[Problem description]
From the first line to the last, copy the data exactly and drop the pictures.

[Data below]
+ + +

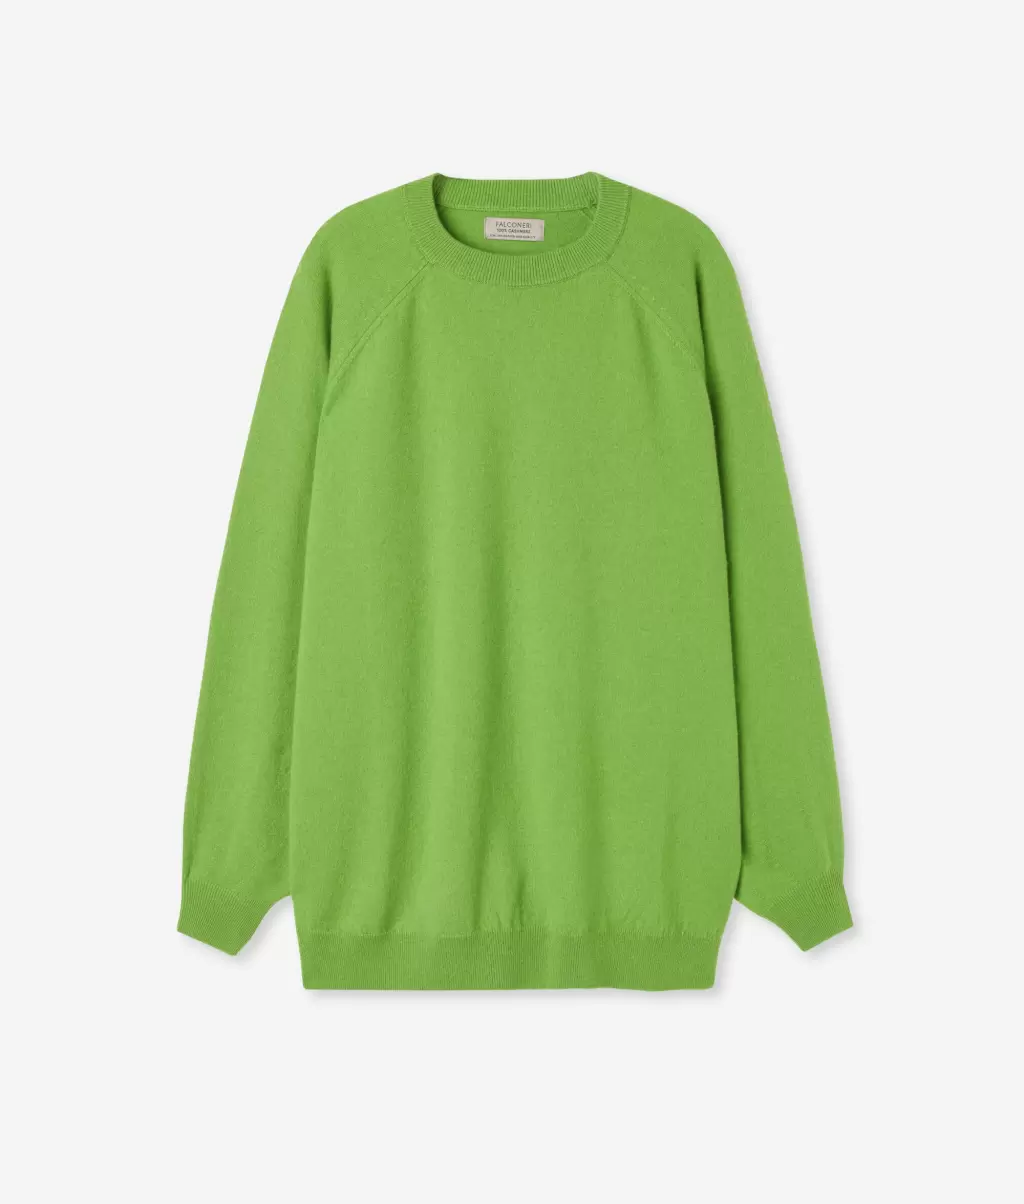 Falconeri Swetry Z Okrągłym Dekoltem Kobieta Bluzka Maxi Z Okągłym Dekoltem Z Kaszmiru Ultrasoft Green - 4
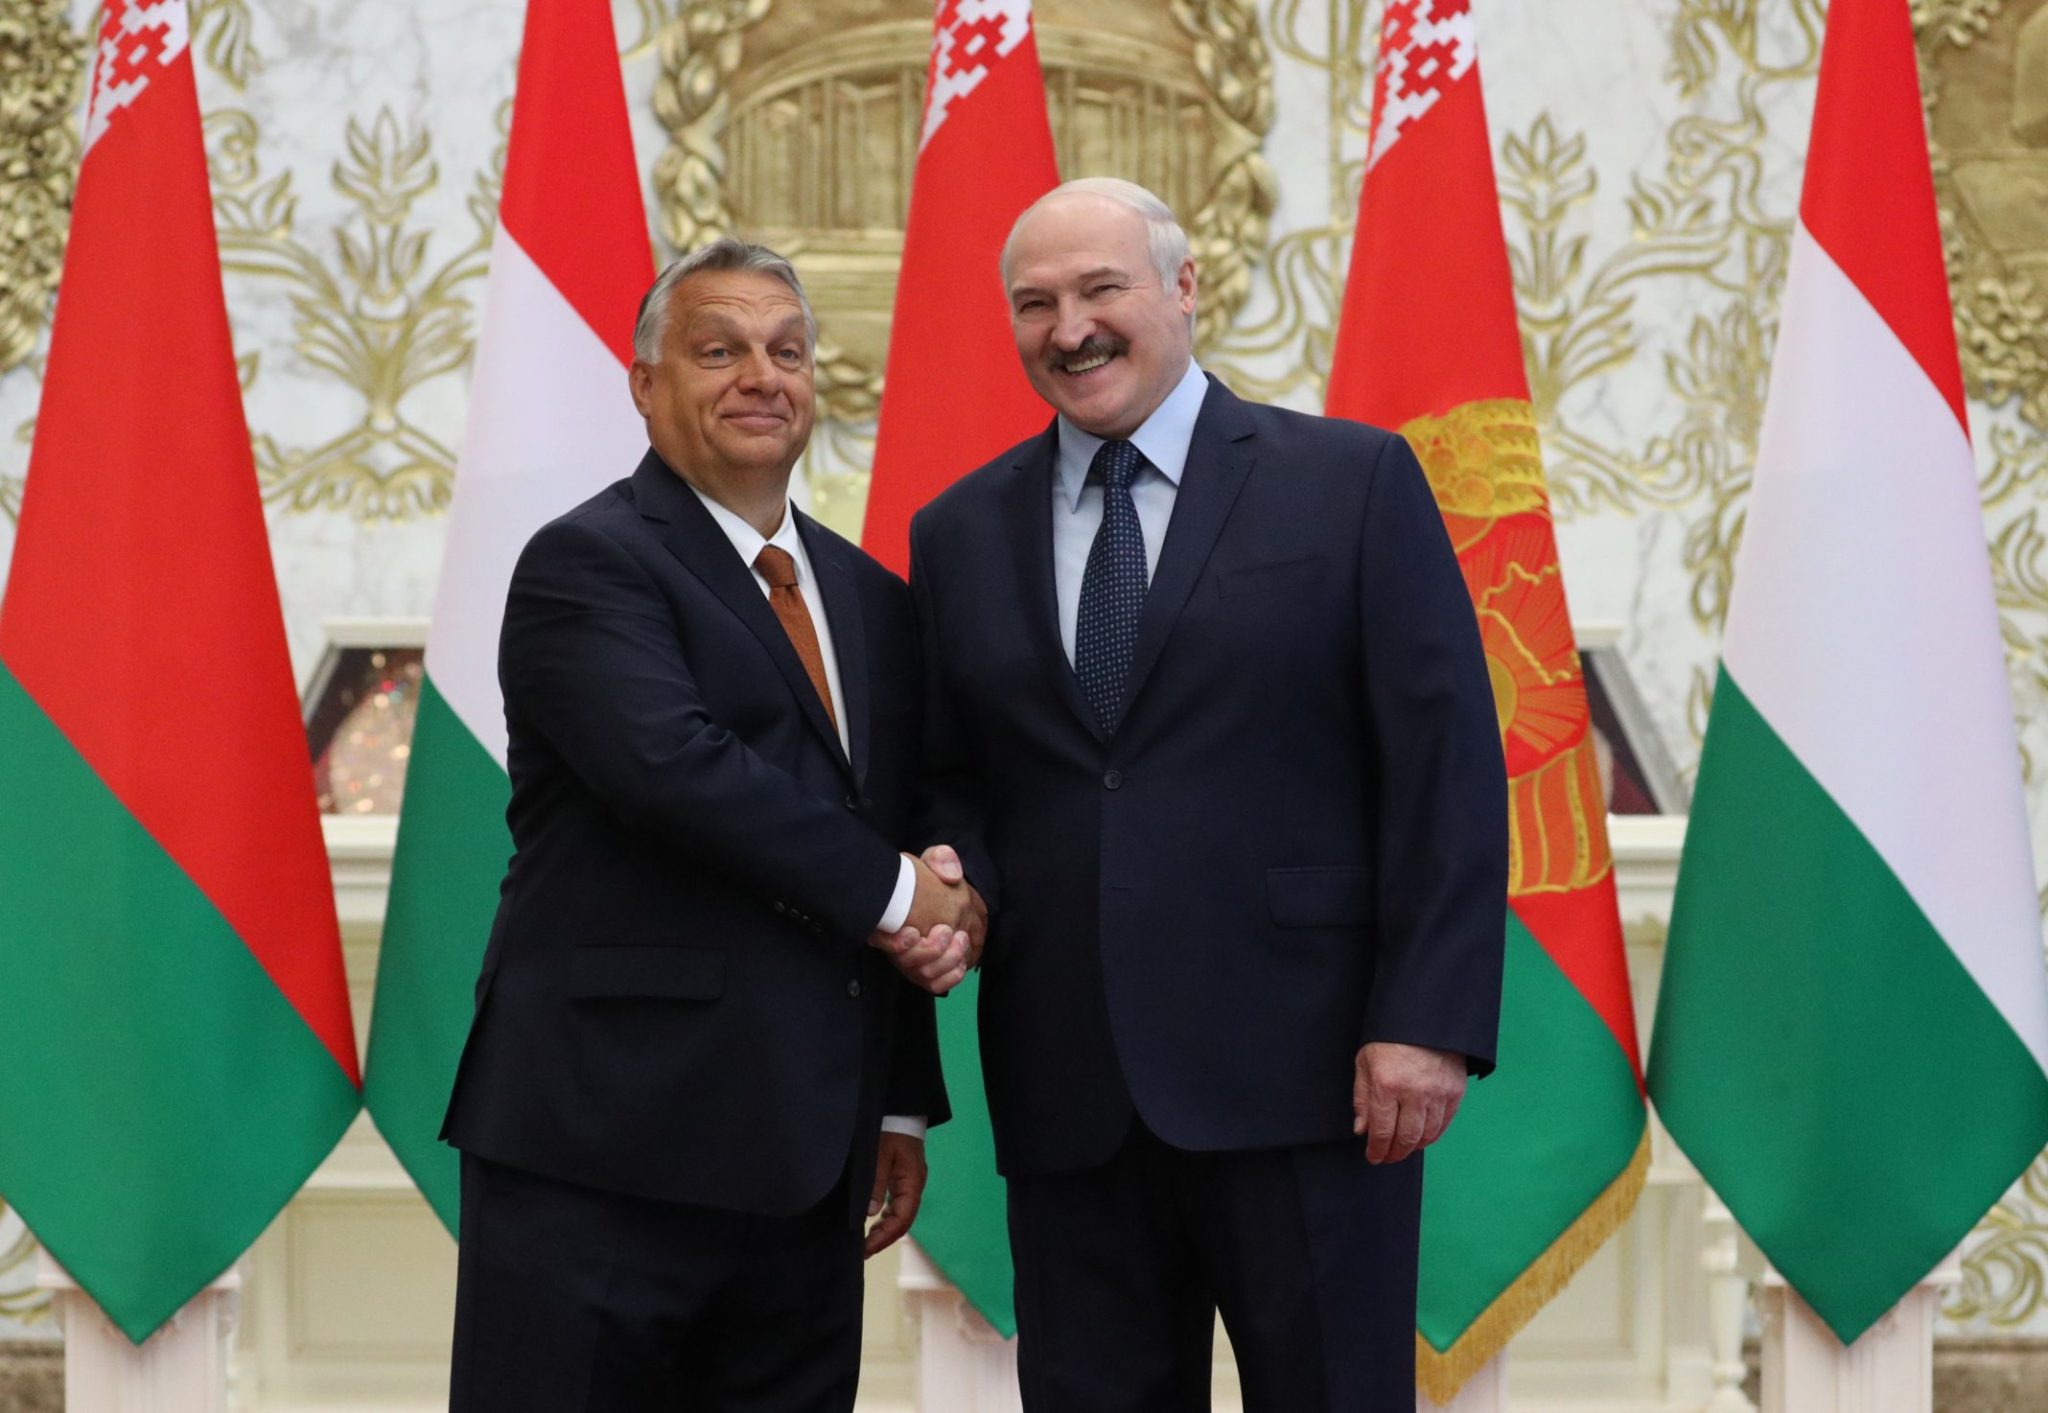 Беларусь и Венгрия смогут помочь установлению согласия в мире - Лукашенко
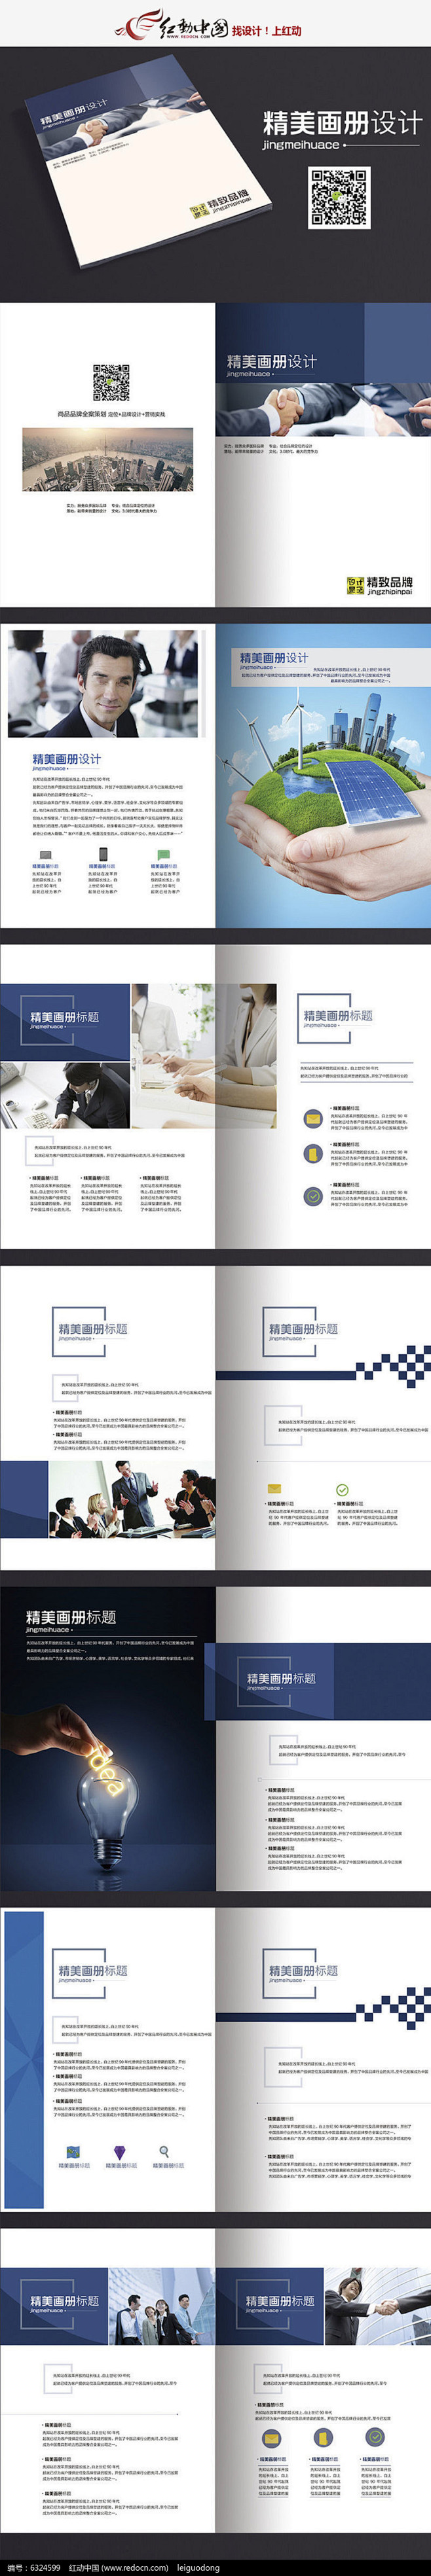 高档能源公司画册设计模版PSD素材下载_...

+ + +

[Task result]
 Falconeri Swetry Z Okrągłym Dekoltem Kobieta Bluzka Maxi Z Okągłym Dekoltem Z Kaszmiru Ultrasoft Green - 4
 Беларусь и Венгрия смогут помочь установлению согласия в мире - Лукашенко
 高档能源公司画册设计模版PSD素材下载_...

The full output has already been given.